# Athrabeth Faenor!



## Maedhros (Dec 5, 2002)

From the _Published Silmarillion_


> But when they were landed, Maedhros the eldest of his sons, and on a time the friend of Fingon ere Morgoth's lies came between, spoke to Fëanor, saying: 'Now what ships and rowers will you spare to return, and whom shall they bear hither first? Fingon the valiant?'
> Then Fëanor laughed as one fey, and he cried: 'None and none! What I have left behind I count now no loss; needless baggage on the road it has proved. Let those that cursed my name, curse me still, and whine their way back to the cages of the Valar


Was this the way that Fëanor gave the host of Fingolfin and Finarfin (minus Finarfin) the chance at redemption and to try and save the Majority of the Noldor from a hopeless war? Or not?

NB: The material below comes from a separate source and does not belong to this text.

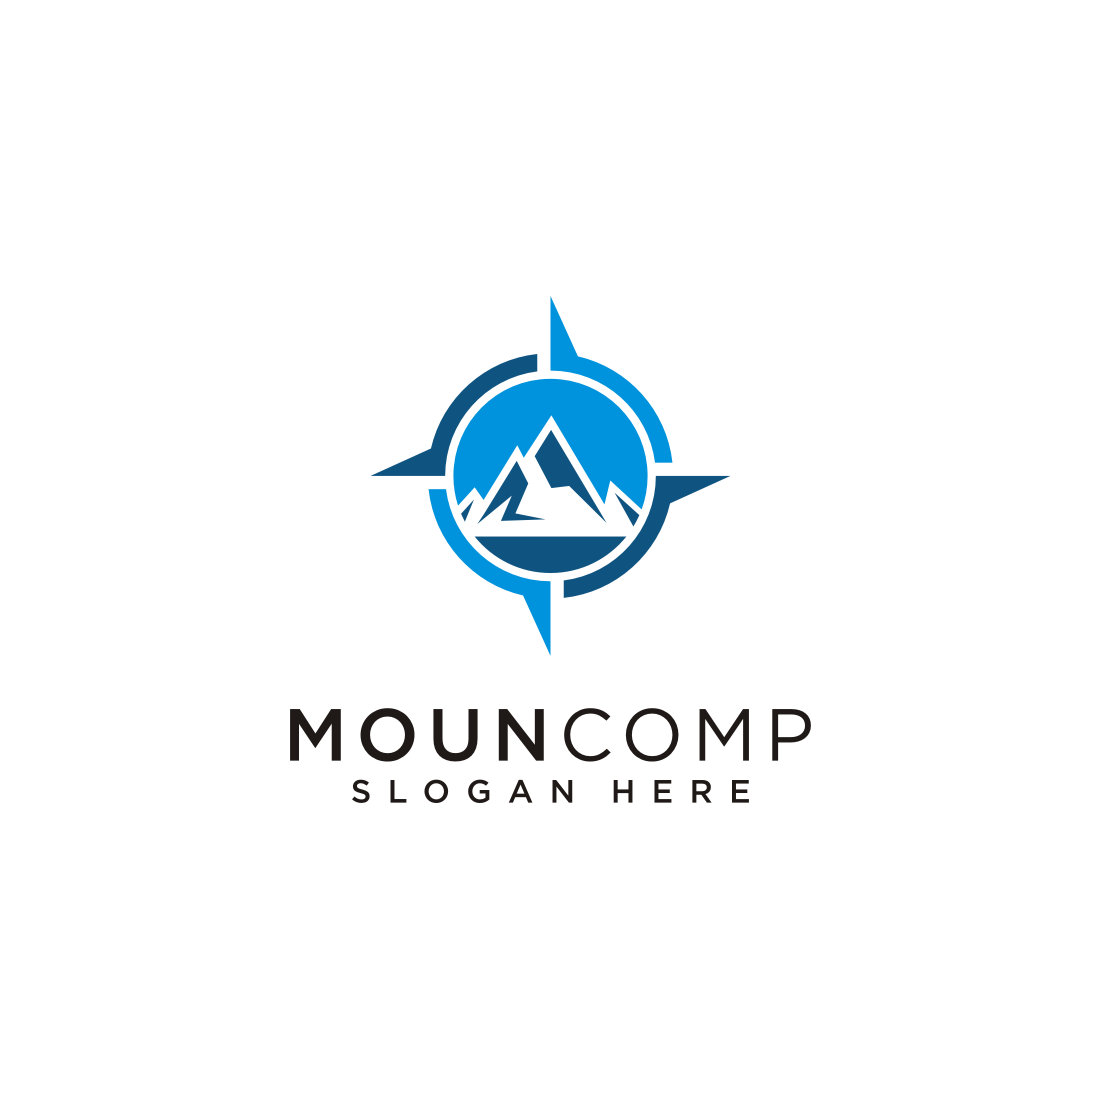 compass and mountain logo vector design cover image.
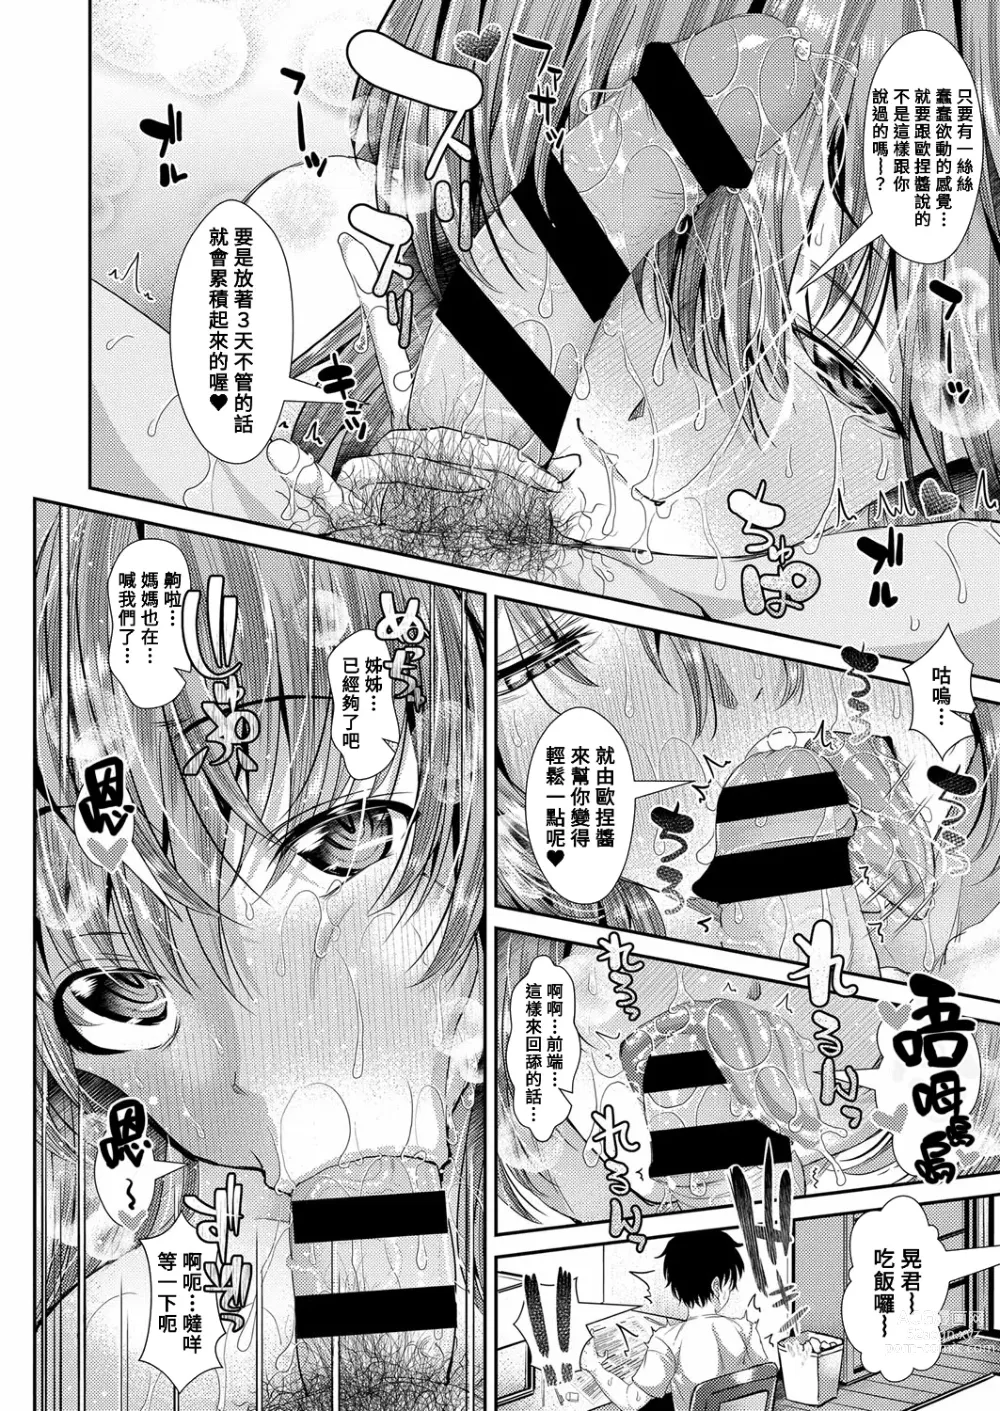 Page 2 of manga Yokujou ☆ Ane Trap

This was a debate in the now retired Guild of Scholars. The original thread can be found here. Let's discuss! --ithrynluin


----------



## Lhunithiliel (Apr 23, 2004)

It may have been started as a debate, but it turned into a duscussion. An excellent and challenging one! Perhaps it's time to revive it?


----------



## Inderjit S (Apr 24, 2004)

Maybe.

Fëanor wanted to purge the Noldor of the cowards. Or rather the people that refused the accept him as king. Maybe he realised that an polarized Ñoldorin host would be detrimental to his cause, that there would be too many petty squabbles and in-fighting for them to deal with the Morgoth threat.

He may not have regarded to ones who rejected his claim for the kingship as being 'non-Noldor' and so he only regarded his followers as being 'Noldor' and so these people were not fit to regain his Silmaril's and avenge his father. 

Fëanor knew the war was useless before he died. But eh still told his sons to fight on. Even if the war was hopeless he wanted them to exhibit their valour by fighting on nonetheless. He prob. thought that those that didn’t follow him weren’t able to do this.


----------